Table of Contents
hdfs
User Commands
Admin Commands
Working Directory
User home directory is assumed (fex, /user/beandog
) unless a specific path is provided.
Removing an HDFS node
For some reason or another, you may need to remove an HDFS node from the cluster. Doing maintenance would be an example. The filesystem needs to be checked to see if there's any issues, then the HDFS NameNode needs to know about its removal.
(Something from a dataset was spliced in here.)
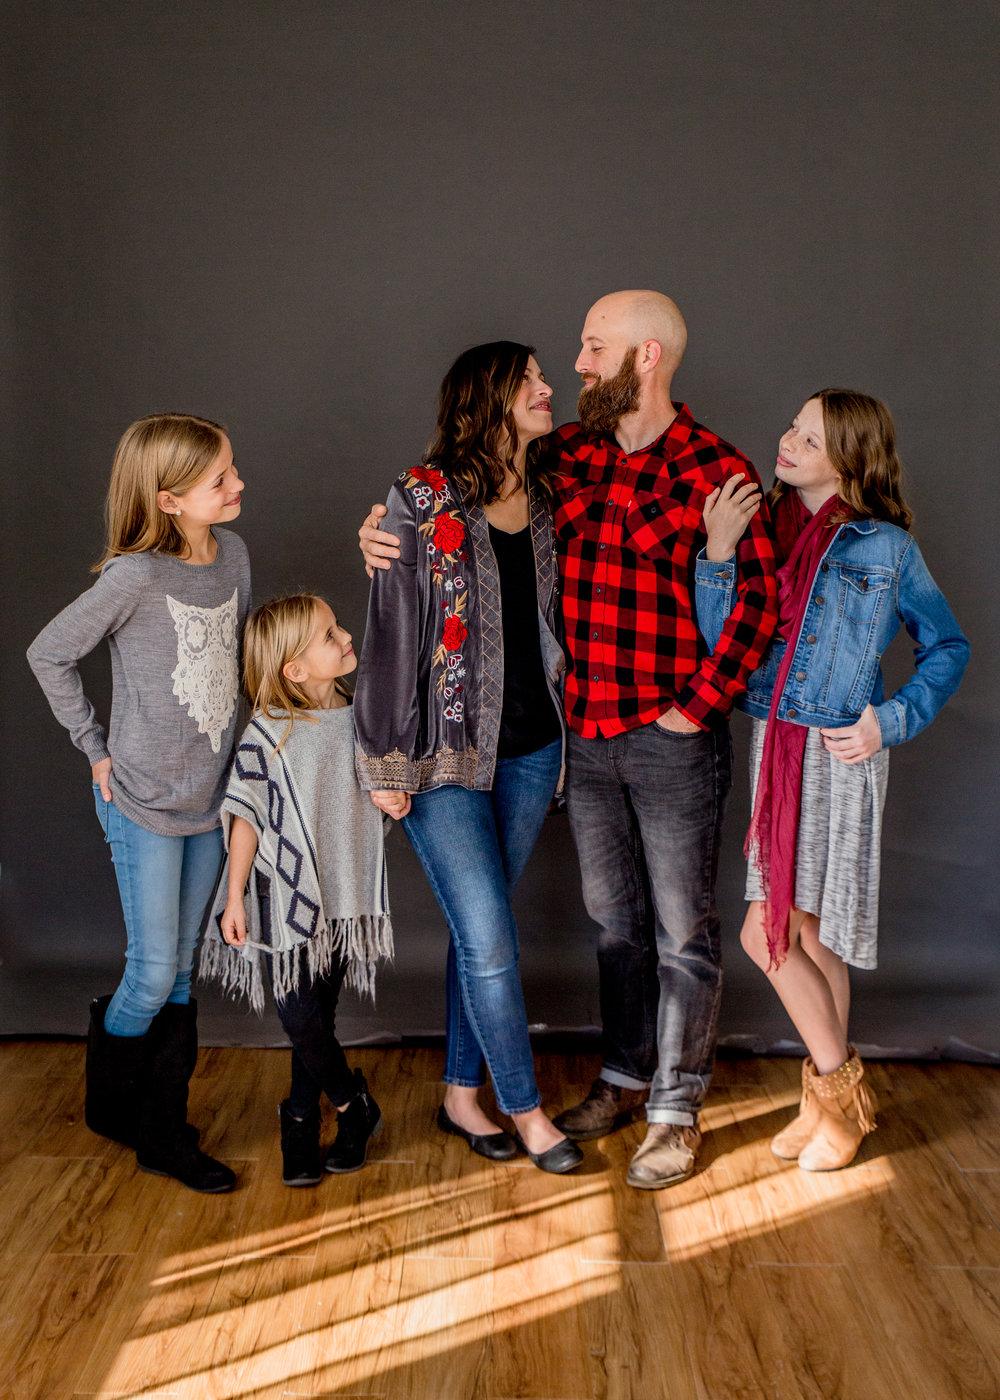 standrodfamily2018-26.jpg
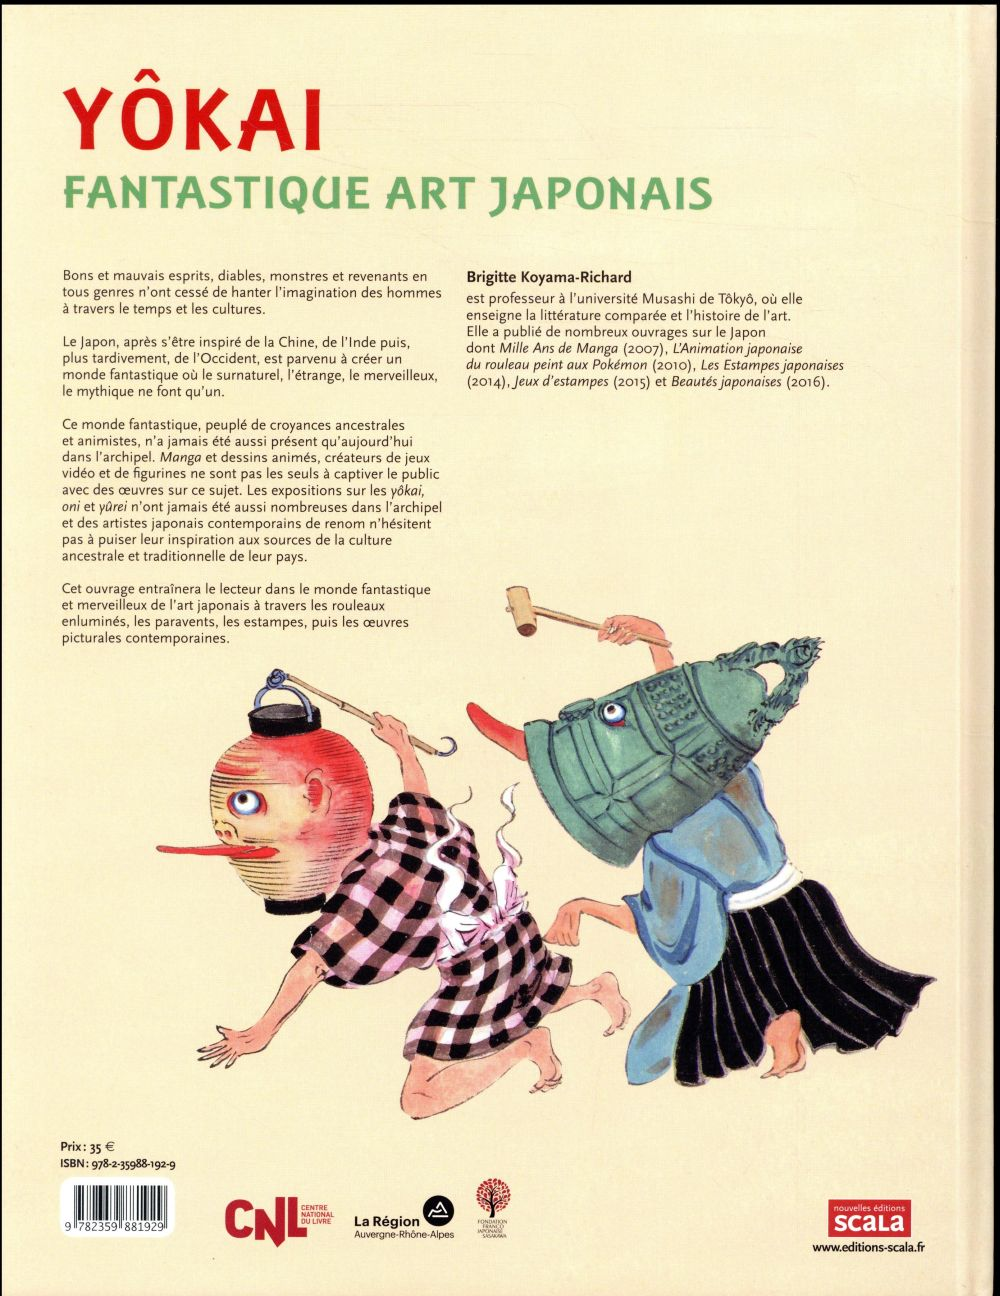 Yokai fantastique art japonais

Before doing anything, get a report about the node to see what it's status is.
hdfs dfsadmin -report
Name: 192.168.12.24:50010 (hadoop-node4.lan) Hostname: hadoop-node4.lan Decommission Status : Normal Configured Capacity: 5487524069376 (4.99 TB) DFS Used: 9204400128 (8.57 GB) Non DFS Used: 279243939840 (260.07 GB) DFS Remaining: 5199075729408 (4.73 TB) DFS Used%: 0.17% DFS Remaining%: 94.74%
Next, run a filesystem check to see if there's anything out of the ordinary. You can specify any directory or root partition if desired.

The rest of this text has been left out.